Keep the pictures out. Copy every line of the listing exactly.

━━ DATASET CONTENT ━━

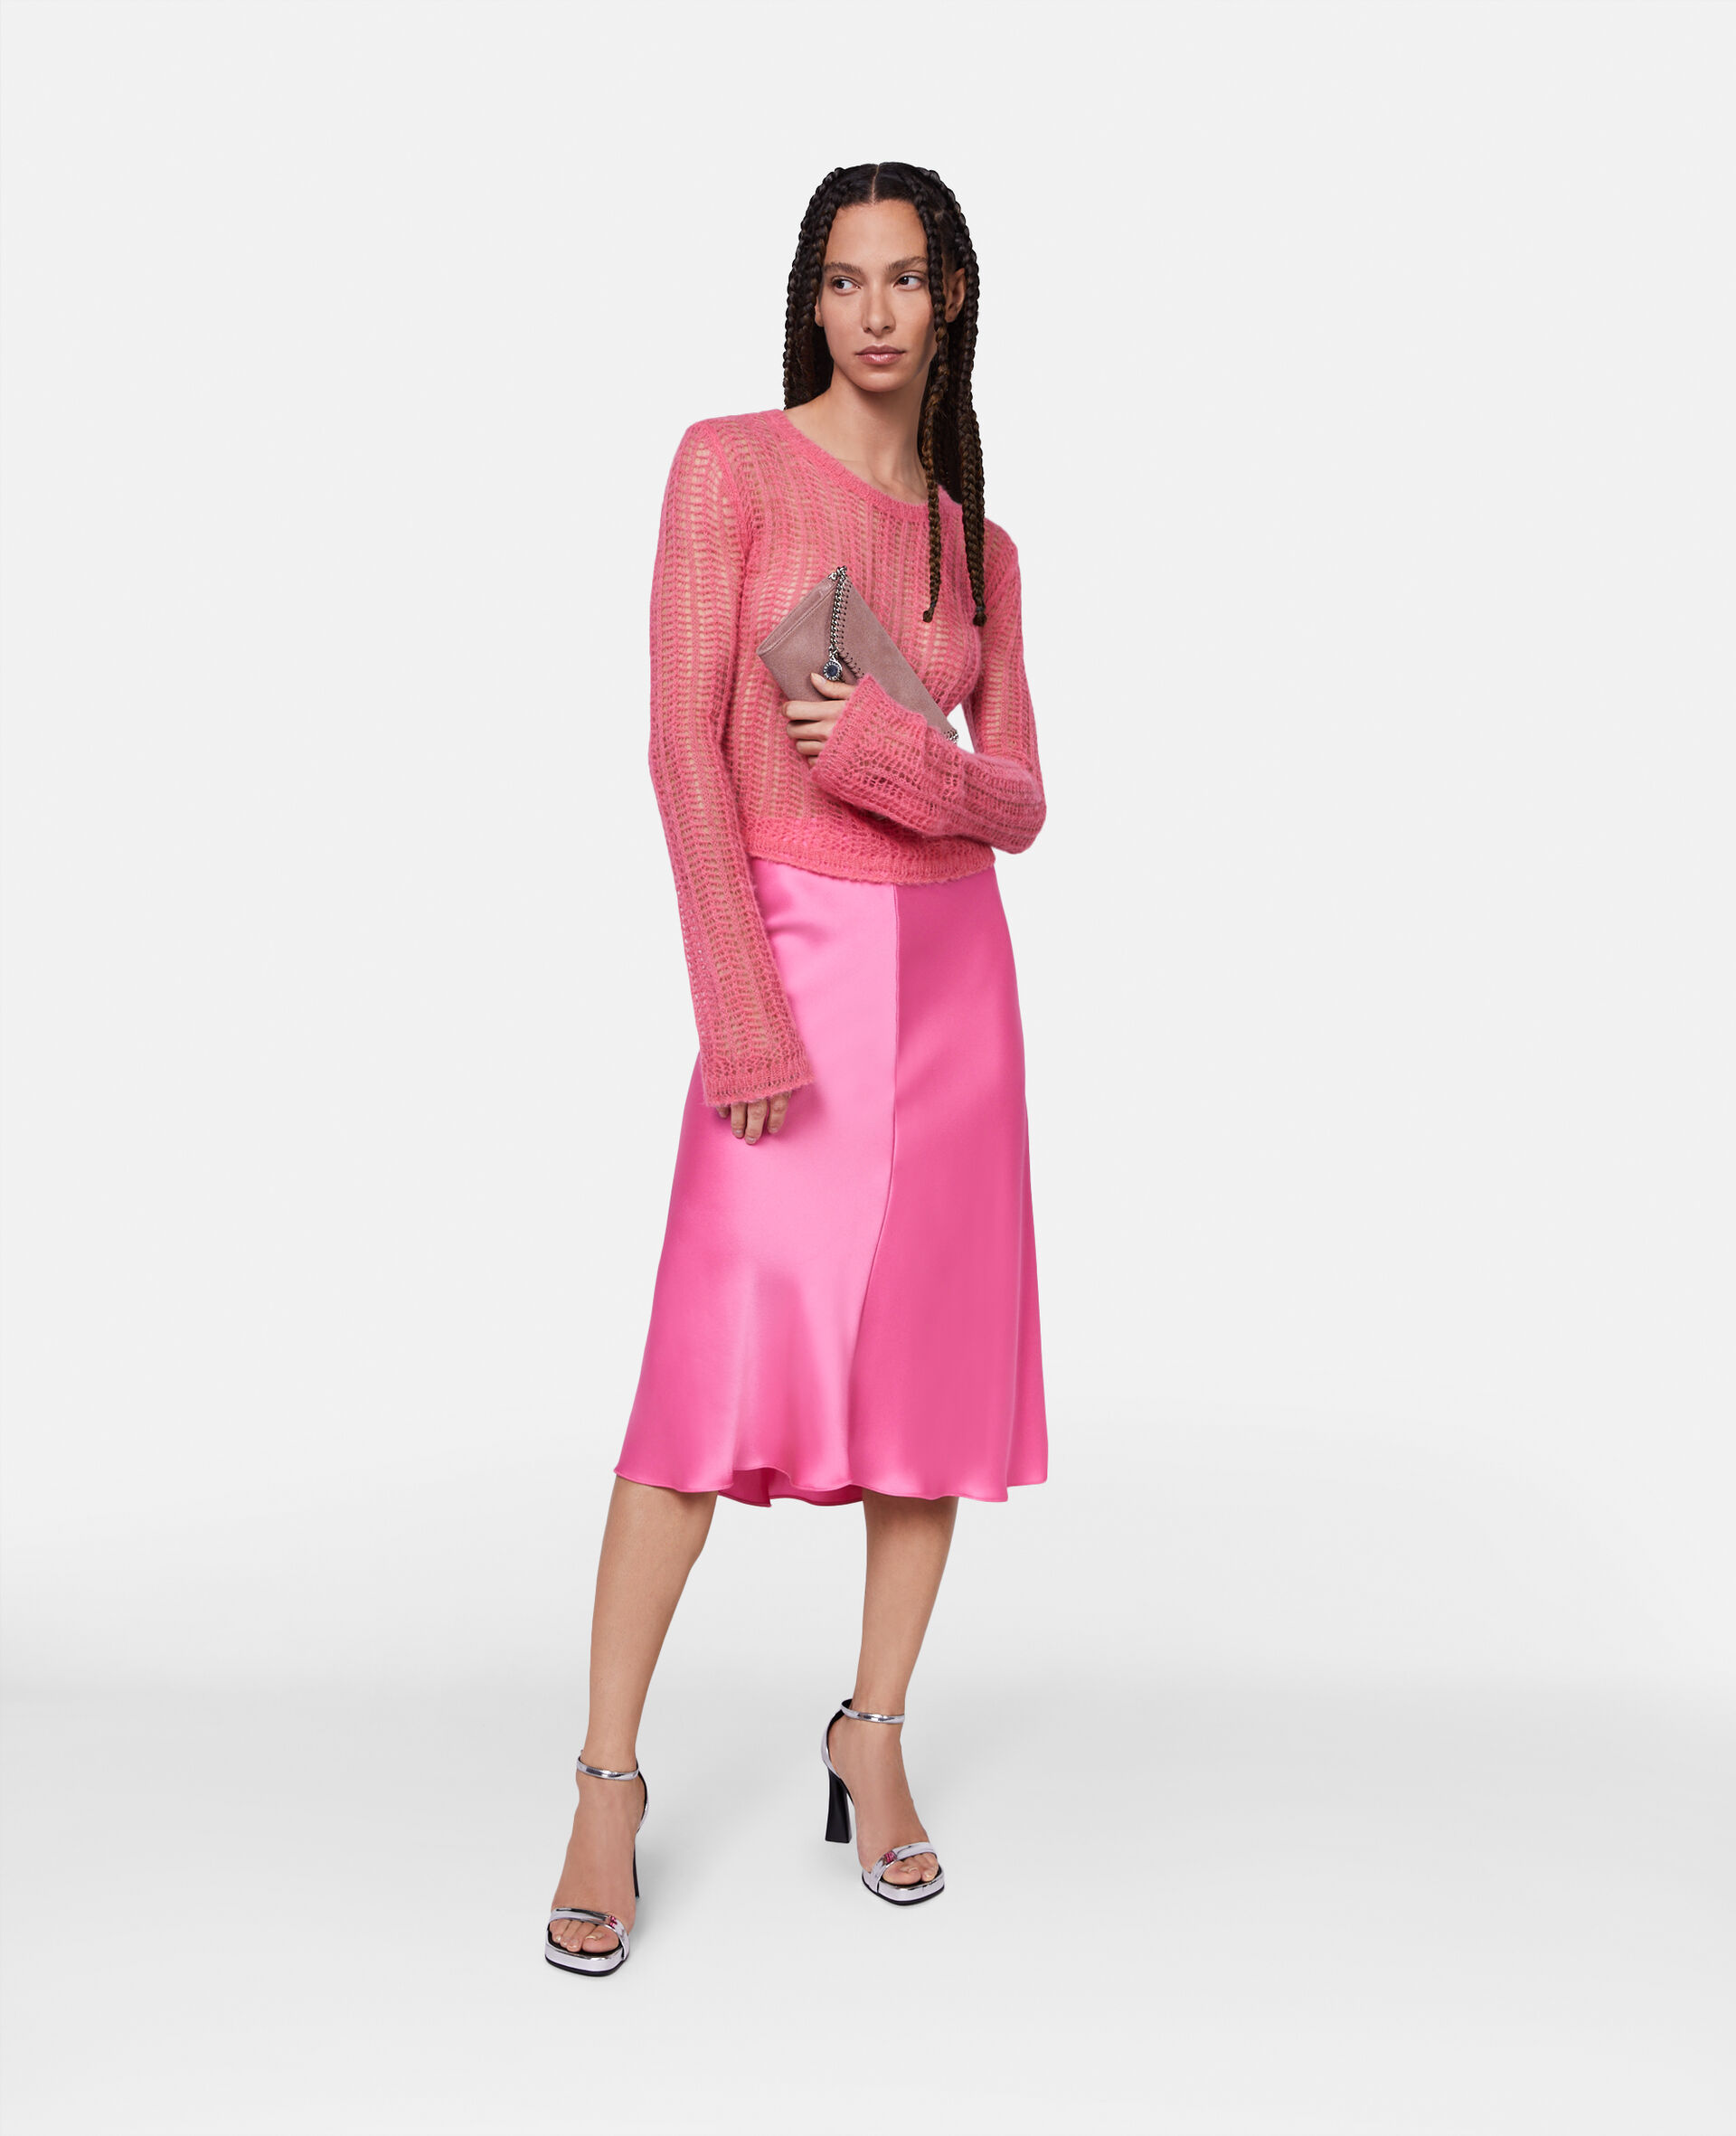 双层缎面斜裁中长半身裙-粉色-model
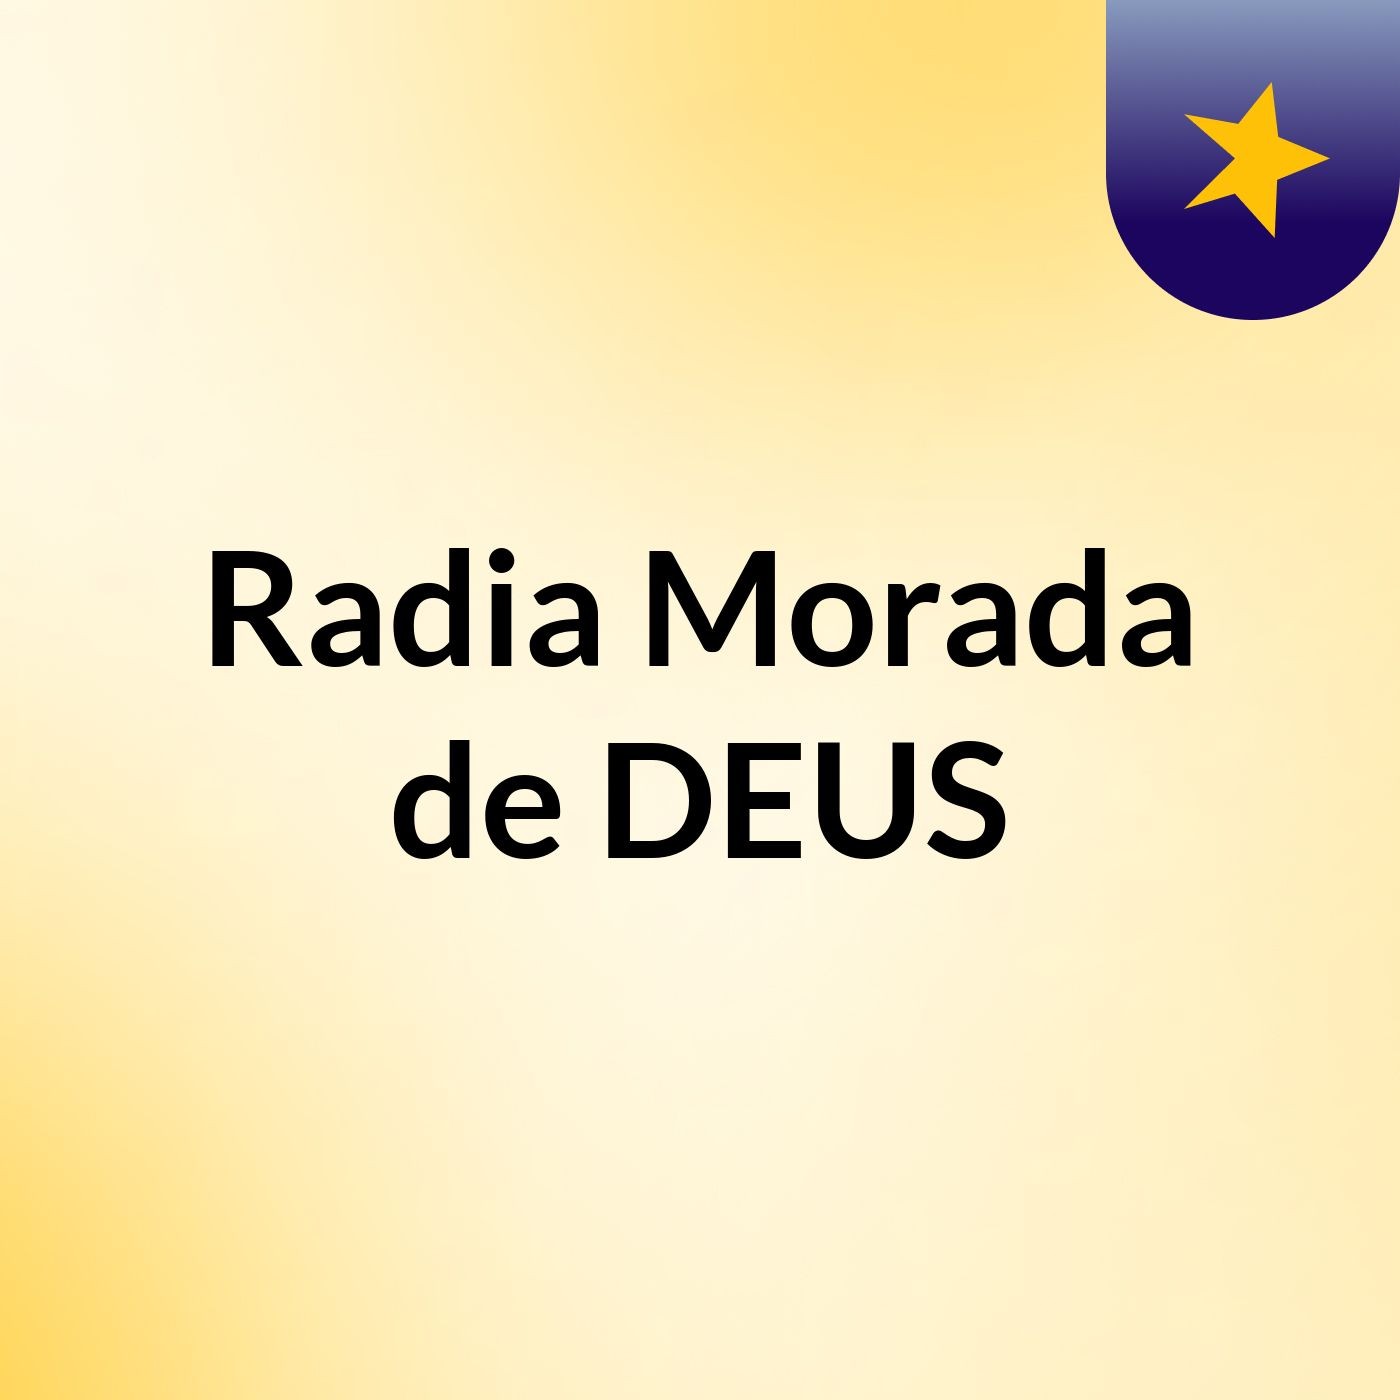 Radia Morada de DEUS
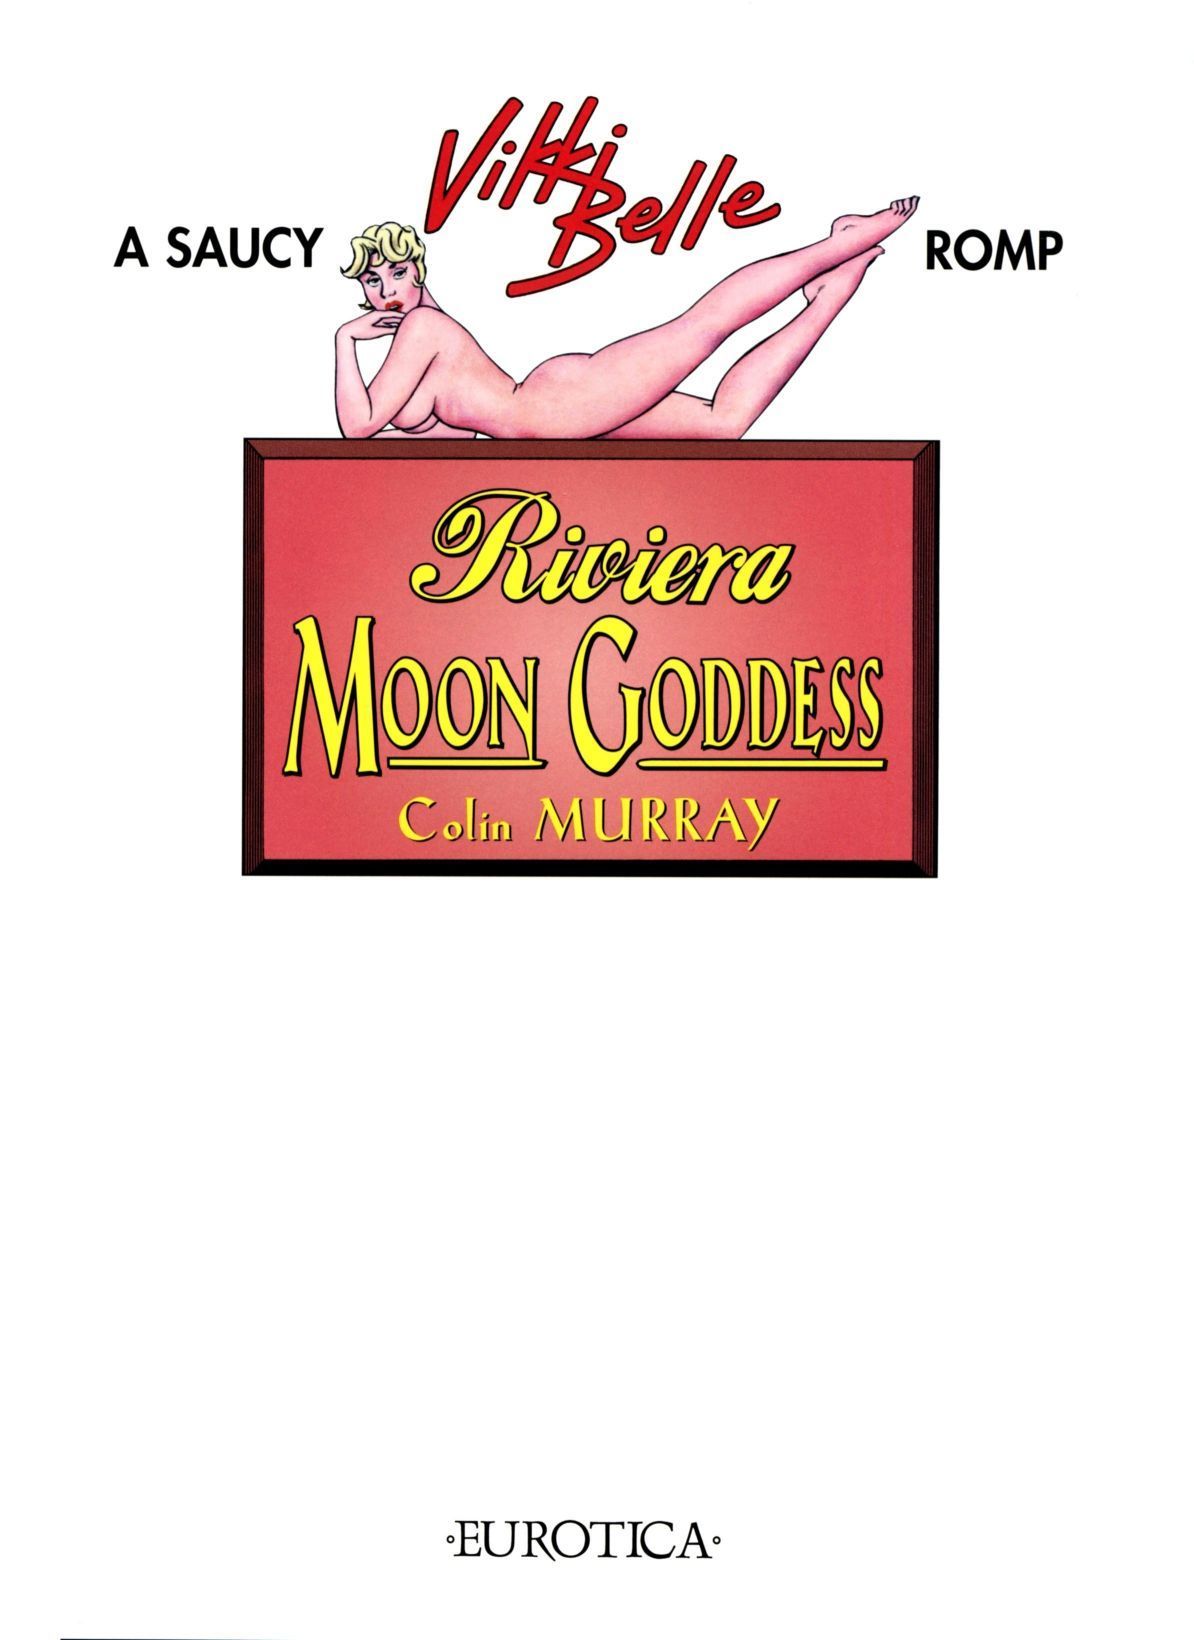 Colin Murray A Saucy Vikki Belle Romp 2: Riviera Moon Goddess

━━━

[OUTPUT FOR THIS EXERCISE]:
 双层缎面斜裁中长半身裙-粉色-model
 Radia Morada de DEUS
 Colin Murray A Saucy Vikki Belle Romp 2: Riviera Moon Goddess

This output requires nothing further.